Otra casa no-casa tuve en la calle Peñuelas, de Sevilla, una no-casa con olor a flamenco y a cera de Semana Santa todo el año, la del campanario gritándome ateo con puntualidad dominical, la de Charo sentada al piano o haciendo yoga ante el espejo, la de “el amor era azul y se lo llevó un perro en la boca”.
Y ahora heme aquí, de nuevo solo, en una casa-apartamento impersonal y hermosa, la de la calle San Vicente, cerca de calle Baños, en un barrio tan tranquilo, tan limpio, tan barrio para quedarse ya y hacer amigos. Pero es la soledad, es el insomnio, es el silencio espeso, son ellos quienes bajan y suben la escalera conmigo y no puedo. Tantas cajas de libros para qué. Tantas horas de teclado para qué. Tanto yo conmigo que me preño.
Y a todas estas casas, ¿qué las une? ¿Qué denominador común las comunica? Mi madre. La ausencia de mi madre más bien, su no presencia. La sombra de mi madre librándome del sol y del olvido, colándome café a las cinco en punto, como si yo bebiera café por las mañanas.
Sí. A todos nos educan para vivir en una casa.
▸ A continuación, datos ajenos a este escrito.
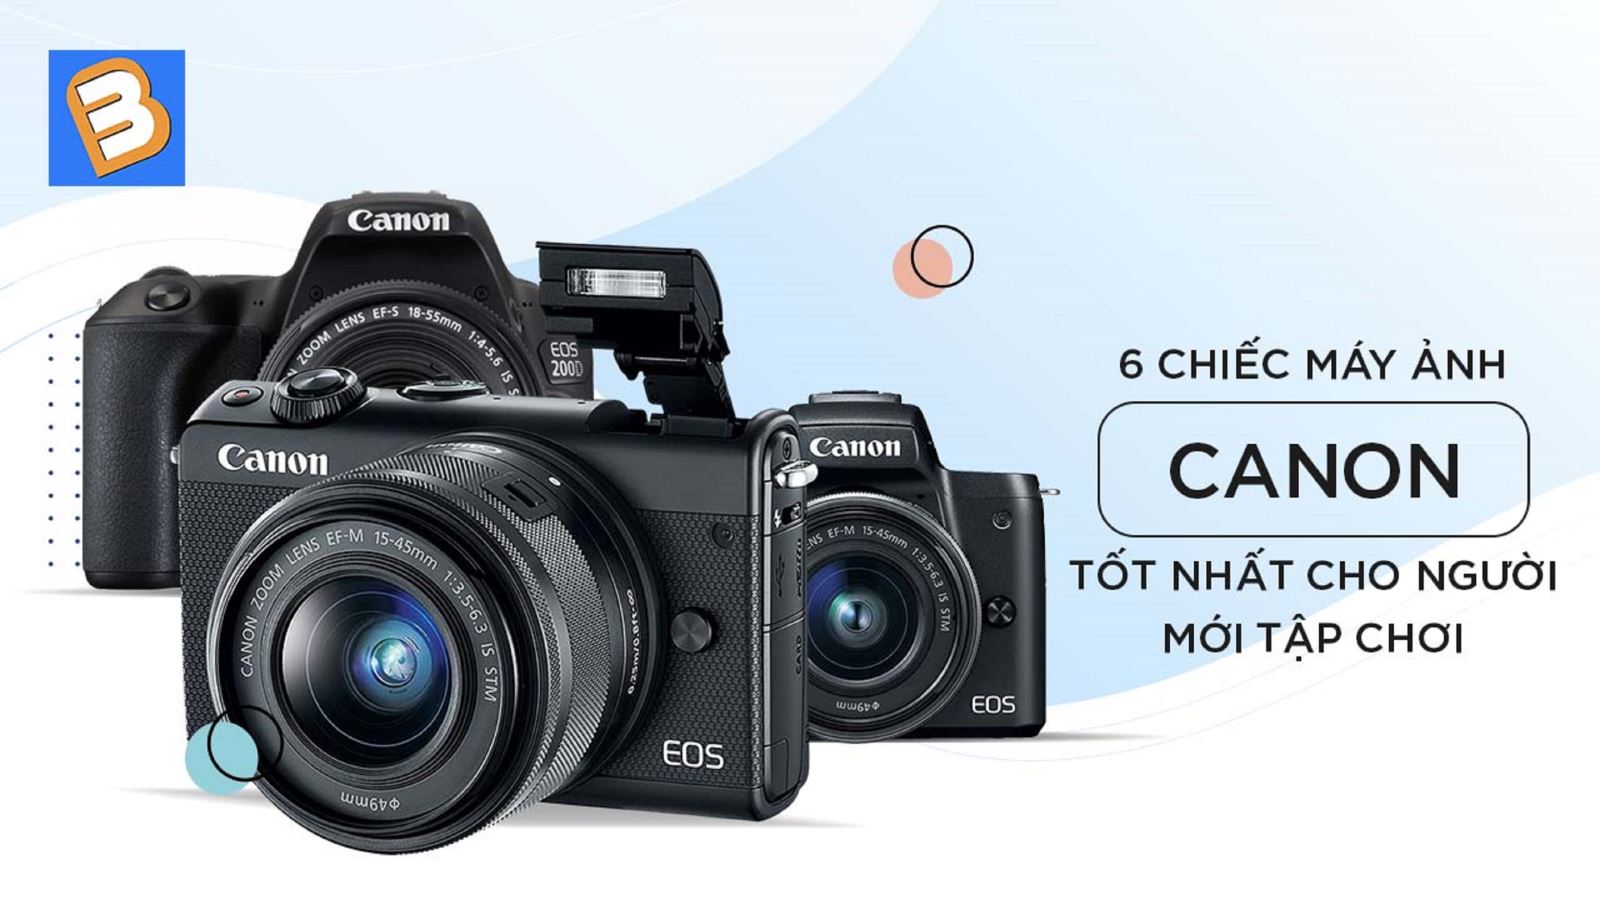 6 chiếc máy ảnh Canon tốt nhất cho người mới tập chơi

Nos acostumbran a decir “mi casa” y la casa termina poseyéndonos, representándonos, actuando y hablando por nosotros. Las mías no. Yo hablo por ellas. Veré qué tengo que decir sobre las próximas.
Postdata-1:
Ya estoy en otra casa, ahora en Madrid. Pero nos conocemos tan poquito que tengo todavía las palabras metidas en cajas.